My journey that time was the same as all others but when I arrived there was something off. I couldn’t tell what it was and as she didn’t seem to notice it I just left it. We spent all of Saturday talking and most of Sunday without her even mentioning anything that seemed a bit strange. I knew my mum well, I would’ve been able to tell if she’d touched on something that made her feel uncomfortable. My mum was quite an open book, you could see everything she was thinking and feeling right there on her face. She was a lovely lady though. When I was younger she used to hold bake sales at our house and the whole community would turn up to buy some of her delicious homemade bakes. You could smell them the whole way down the street. When we’d finished the bake sale we’d go to the supermarket and get anything we could to put into gift packs. Then we’d walk around the town giving them out to anybody who needed them, from homeless people to those who were bed ridden. My mother had great respect in our community which made me wonder even more what had happened to make her so unsettled.  By the end of Sunday I’d almost given up trying to work it out until she said something that helped me understand.
‘Has your father tried to contact you recently Alice?’ she asked, shuffling in her seat.
‘No, why?’ I was so glad she had finally opened up but I was slightly concerned as to why my father was involved.

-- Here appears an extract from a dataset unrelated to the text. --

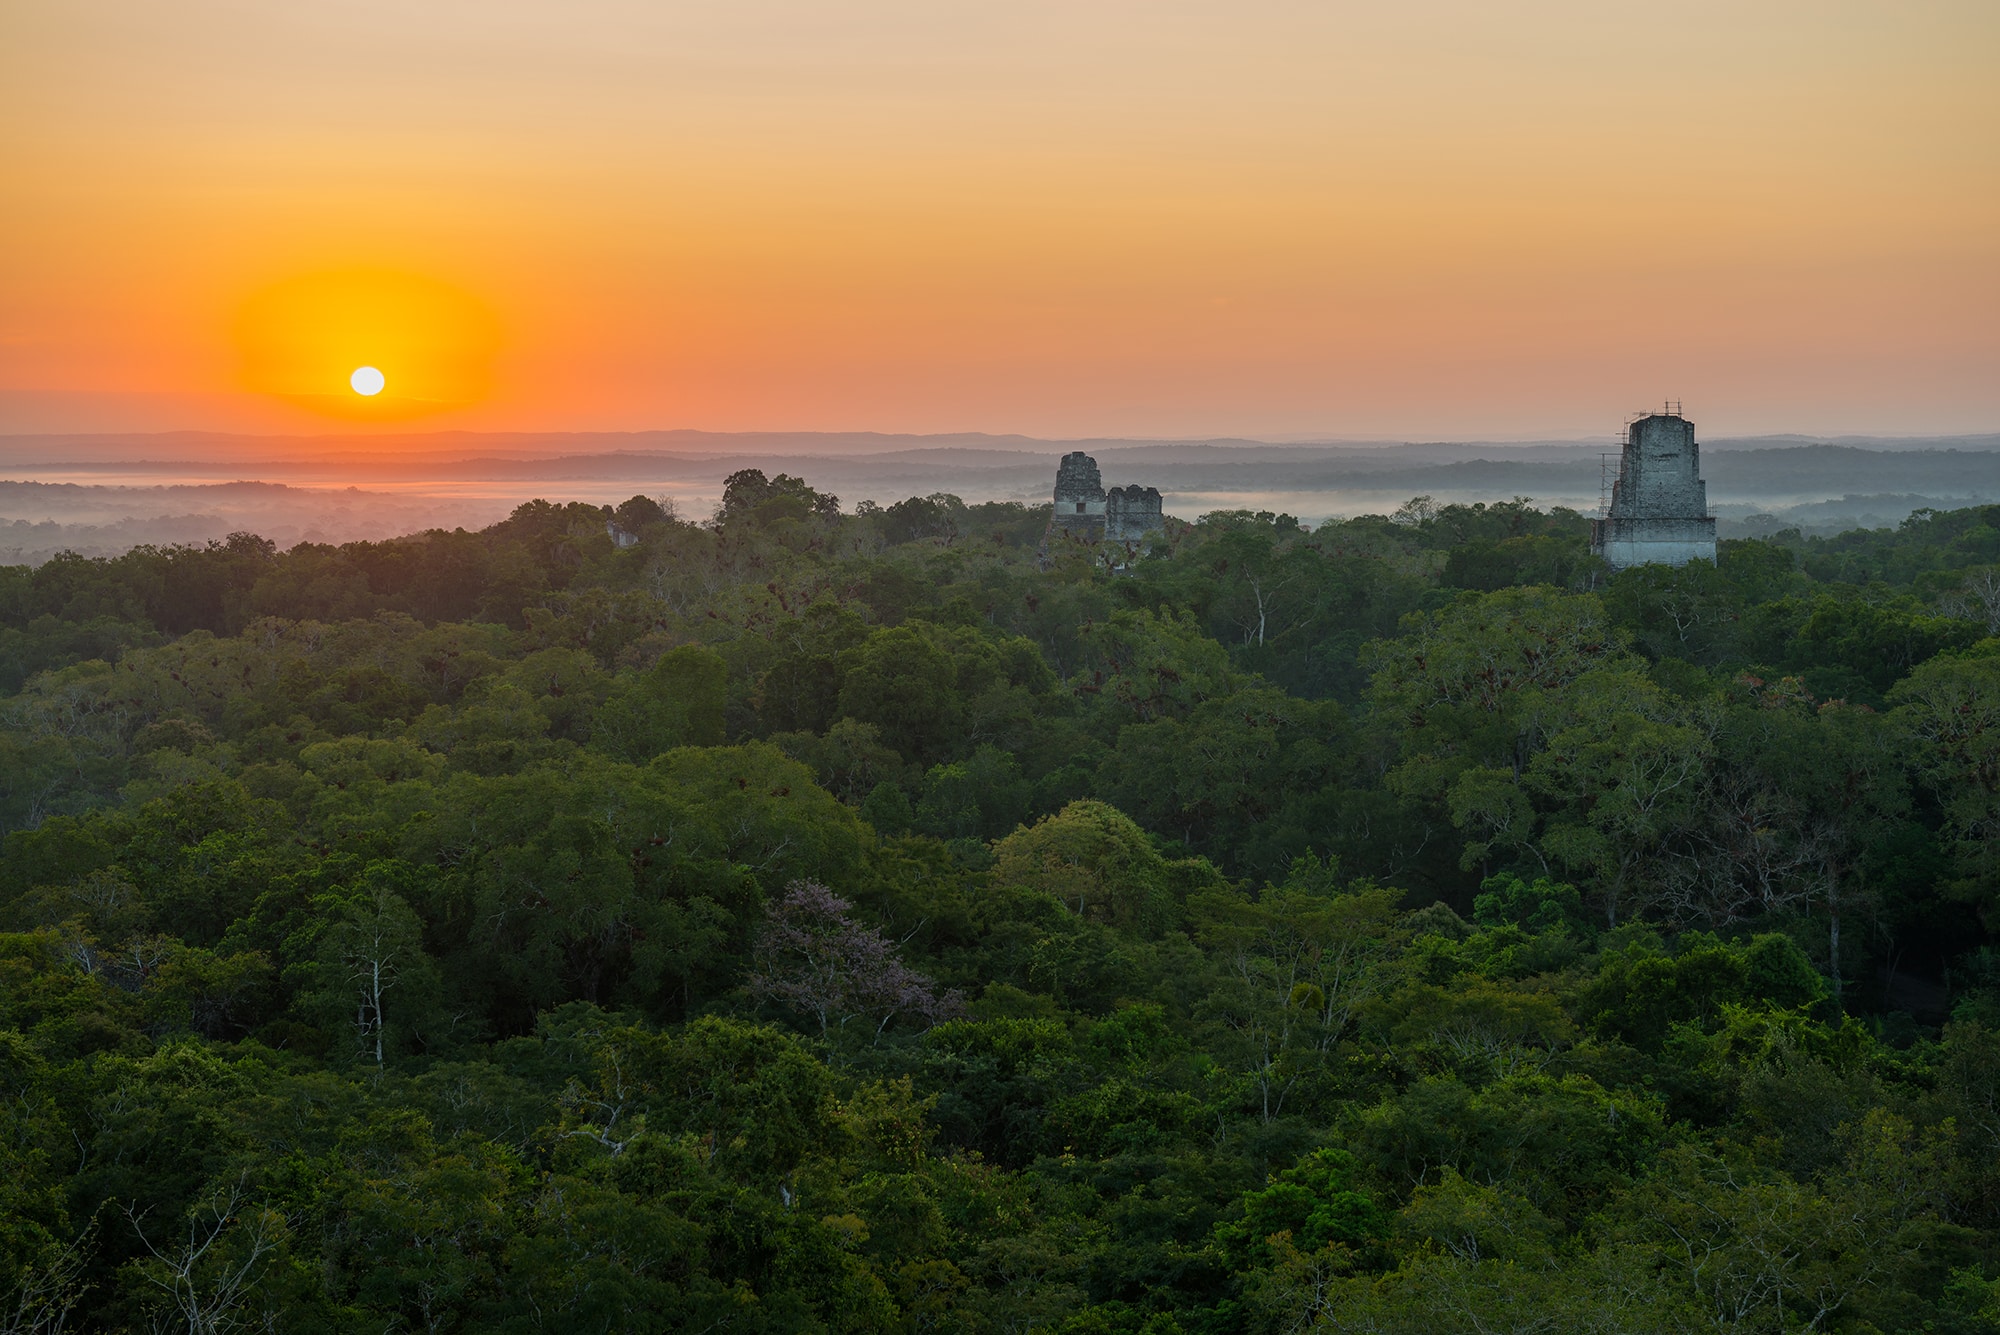 Star Wars Filming Locations: Tikal, Guatemala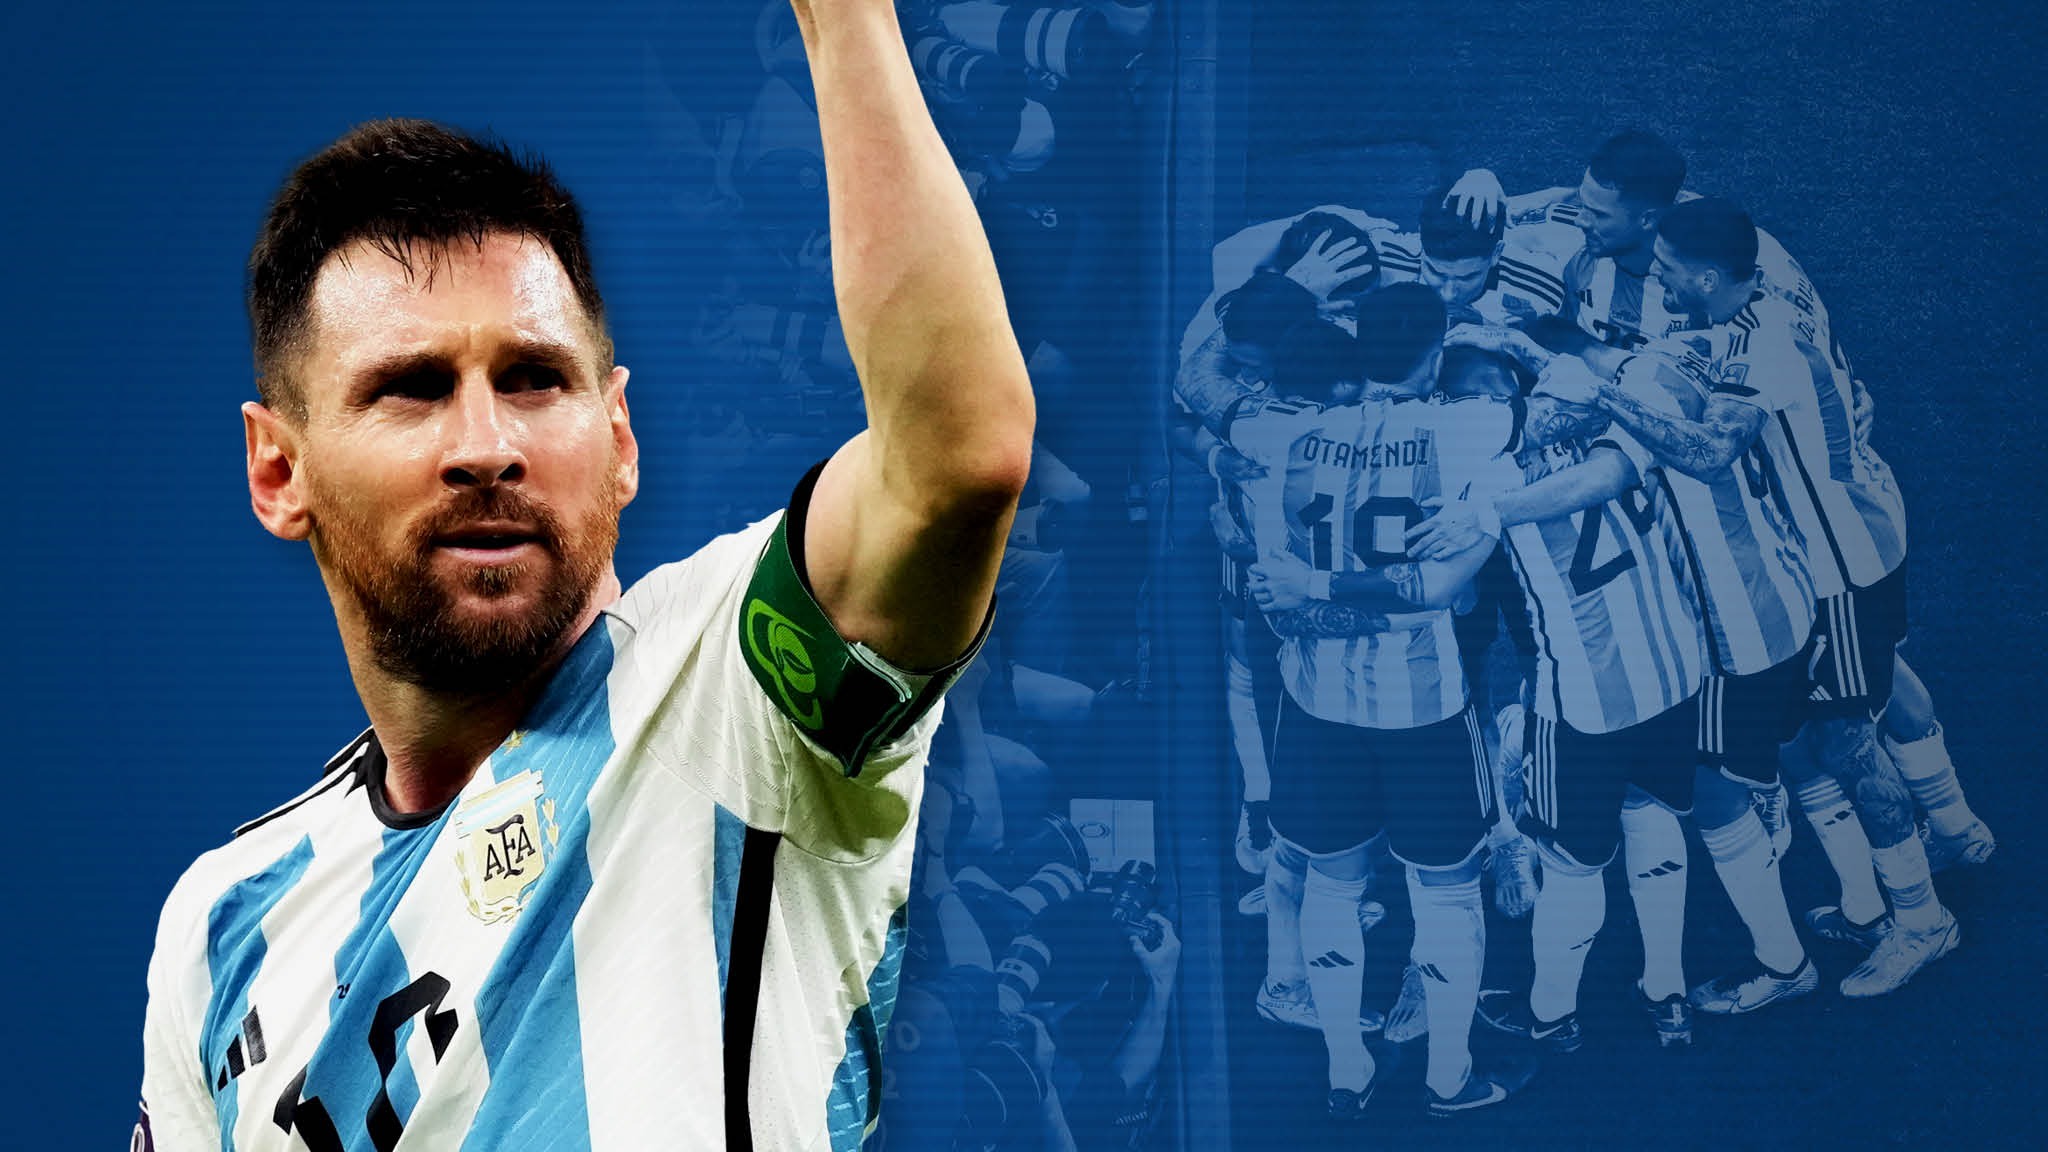 Argentina, Lionel Messi, thương hiệu Tranquilo - khi sự tĩnh lặng phát ra lời khuyên, được phát triển bởi Messi và các đồng đội trong đội tuyển Argentina, bạn còn chần chừ gì mà không nhận một phần của sự tĩnh lặng đó?

‘No reason, just remember to be wary of him. He’s not a good man.’ She seemed to be talking to herself more than me. I tried to pry more out of her, knowing there was more to what she was saying, but she swiftly changed the subject.

I left a couple of hours later, still wondering why she had brought him up and thinking of how I could approach the subject another time. I knew my way around her. Me and her had spent so much time together when I was young. She was my role model and best friend. On weekends we’d walk around odd little villages or climb hills and eat picnics looking down upon the world pretending we were on some pilgrimage or something. When school rolled around we’d spend the mornings dancing around to our favourite songs whilst getting ready, resulting in becoming rather late some days. My father hadn’t ever really popped up in my life until I was around 12. My mum had always avoided talking about him and the few times I’d asked questions about him she’d only given brief replies. On my 12th birthday Mum received a phone call. We’d just been dancing around and when she picked the phone up she was quite out of breath and her face was red but as she answered it all the colour drained from her. She glanced at me and then walked out of the room into the office, closing the door behind her. I sat on the stairs listening to her slightly raised voice, knowing I should have gone to my room so that I couldn’t hear. I knew she was talking to him by the tone in her voice, it was the same one she used whenever she mentioned him. I had never really known what had gone on between them until that day when my mum came out of the office crying. She sat next to me and I held her whilst she told me everything that had gone wrong.